49.      In this respect, it should also be mentioned that the African Committee notes the effort undertaken by the Government to repatriate and handle children formerly associated with LRA to Uganda through the Chieftaincy of Military Intelligence or through UPDF child protection units. Unfortunately, for some of the children, escape or rescue from the LRA did not always translate into a return to civilian life, at least immediately. The Committee also notes that such a process of repatriation was followed instead of having the children immediately placed under the care of appropriate civilian child protection actors. In addition, incidents where children overstayed (according to some reports for about two months) with UPDF/Chieftaincy of Military Intelligence before being handed over to child protection agencies does not in principle comply with the obligation to ensure children’s best interests as the paramount consideration.

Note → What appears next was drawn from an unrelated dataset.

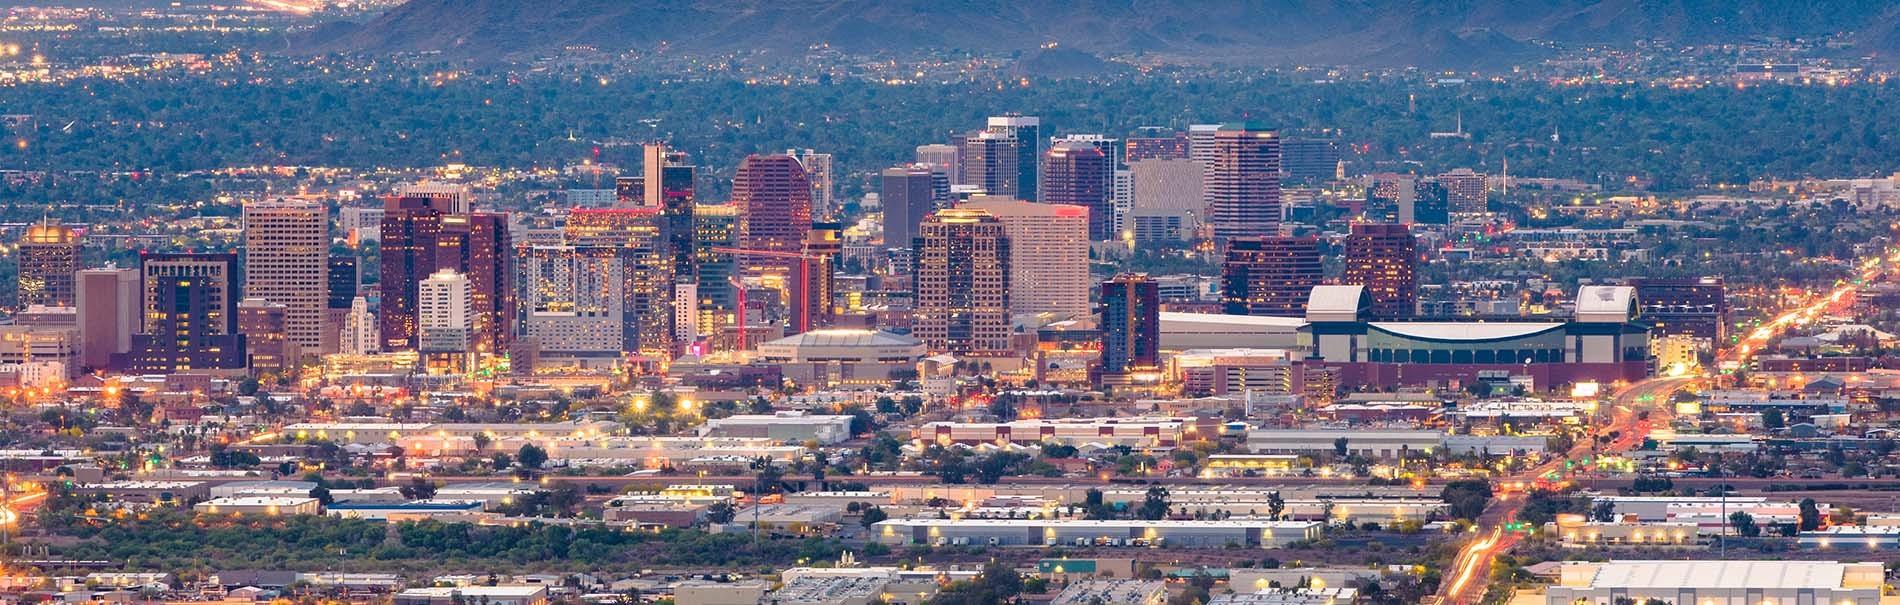 MissionHeightsPreparatorySchool-Highschool-Arizona-PhoenixSkyline-Banner

50.      Moreover, unfortunately, both in its submissions, oral arguments, and also during the investigative mission undertaken by the Committee, the Government has not been able to provide detailed and concrete evidence about the legislative and other measures, such as the use of child-sensitive procedures to protect children from hardship during questioning, including by the use of child-sensitive methods of questioning; and by reducing the number of interviews, statements and hearings. As a result, children that were separated from the LRA and have gone through a questioning process might not have had their right to have their best interests respected fulfilled.

51.      States Parties to the African Children’s Charter also need to effectively implement the right to a remedy which includes a right to reparation,[14] as an element of the due diligence obligation. This entails providing reparation to victims for acts or omissions that can be attributed to the State, or for their failures to meet their international obligations even when substantive breaches originate in the conduct of private persons. In this respect, it is important to mention that the African Committee, while recognizing the contribution of the Amnesty Act of 2000 to the return, demobilization and reintegration of thousands of children forcefully recruited by the LRA, it is concerned about the fact that the same Act does not necessarily follow the criteria for granting amnesties under international legal obligations of the State. As a result, such law may have led to impunity of those that would have been involved in the recruitment and use of children in hostilities.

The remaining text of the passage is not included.